Site information
- Type: Castle
- Owner: Portuguese Republic
- Open to the public: Private

Location
- Location of the castle within the municipality of Reguengos de Monsaraz
- Coordinates: 38°23′38.03″N 7°30′50.79″W﻿ / ﻿38.3938972°N 7.5141083°W

Site history
- Built: c. 1492
- Materials: Stone, Masonry, Granite

= Castle of Vidigueiras =

Building in Évora District, Portugal

The Castle of Vidigueiras is a signeurial residential estate in the civil parish of Reguengos de Monsaraz in the municipality of Reguengos de Monsaraz in the Portuguese sub-region of Baixo Alentejo. It is the only residential project completed by landscape architect Francisco Caldeira Cabral.

==History==
The estate was built in 1492, from research conducted by Túlio Espanca.

In 1909, the building was restored and remodeled to conform to its current appearance.

Between 1950 and 1959, an architectural project was completed to remodel the facades and interiors. This not only included cosmetic, but also changes to the agricultural installations and gardens, under the direction of landscape architect Francisco Caldeira, for then proprietor Dr. Cayola Bastos.

In the last half of the 20th century, the last property-owner, António de Monsaraz died.

==Architecture==
Located in the Herdade das Vidigueiras situated 15 km from Monsaraz de Reguengos, on the route between Reguengos de Monsaraz and São Marcos do Campo, just after the settlement of Herdade de Roncão. It is located on a rural plain, flanked and buttressed alongside the main building of the manor.

The rectangular plan, with three story articulated, vertical building, without a foundation and battlements.

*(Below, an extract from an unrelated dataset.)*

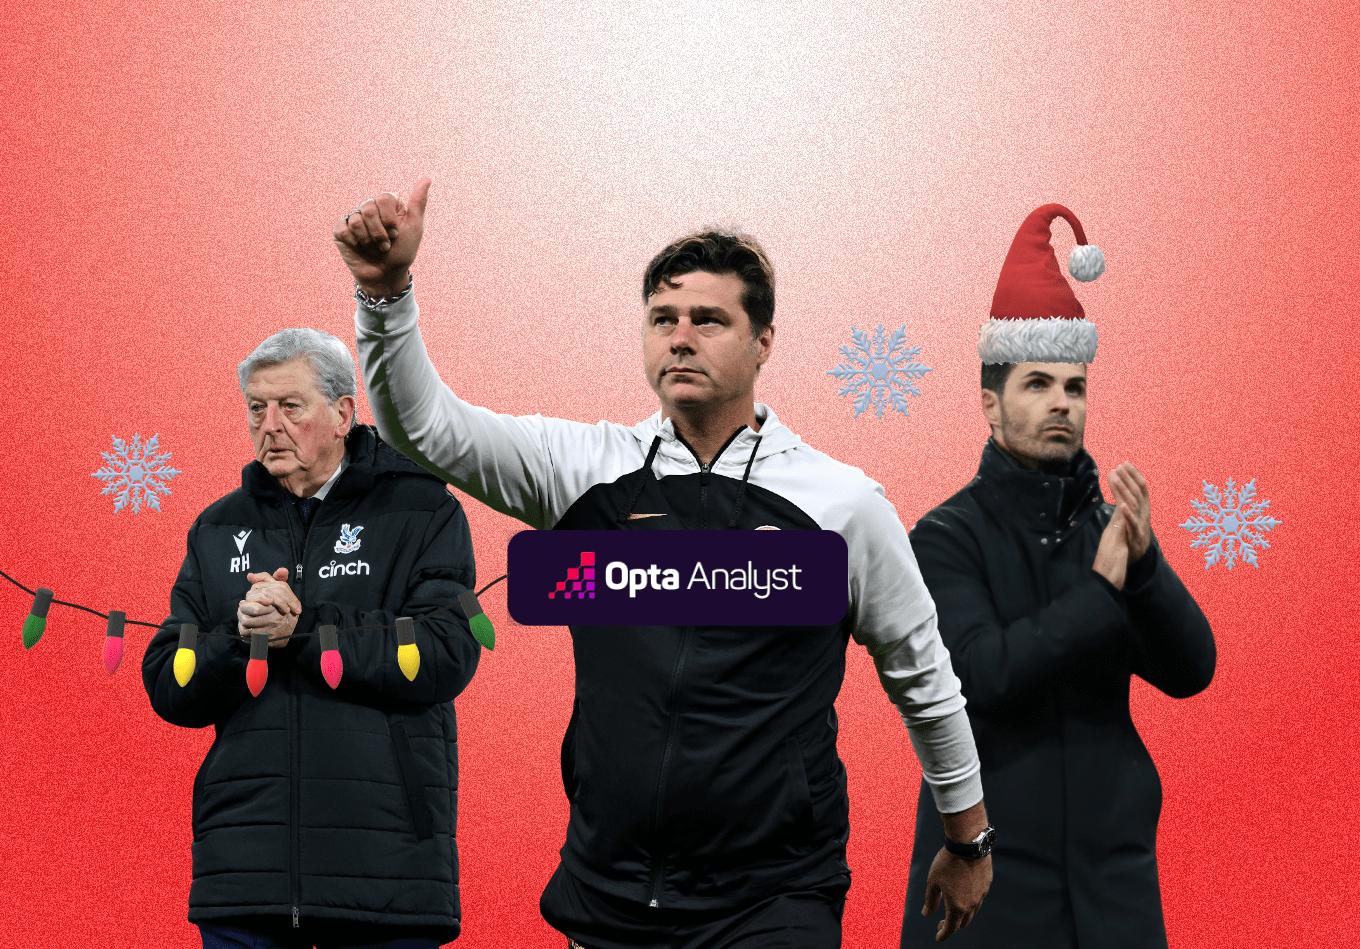 Premier League Fixture Difficulty: Who Has the Hardest and Easiest Christmas Games?

The principal facade, oriented towards the east, includes three vertical registers, and is marked on the first by a framed granite portico. On the remaining facades are large rectangular windows in stonework, while along the center block, there are cruciform slits on the merlons. The northern and southern facades link the estate with the remaining buildings of the manor. The lower floors and tower are broken by rectangular windows, while the western facade has no accesses.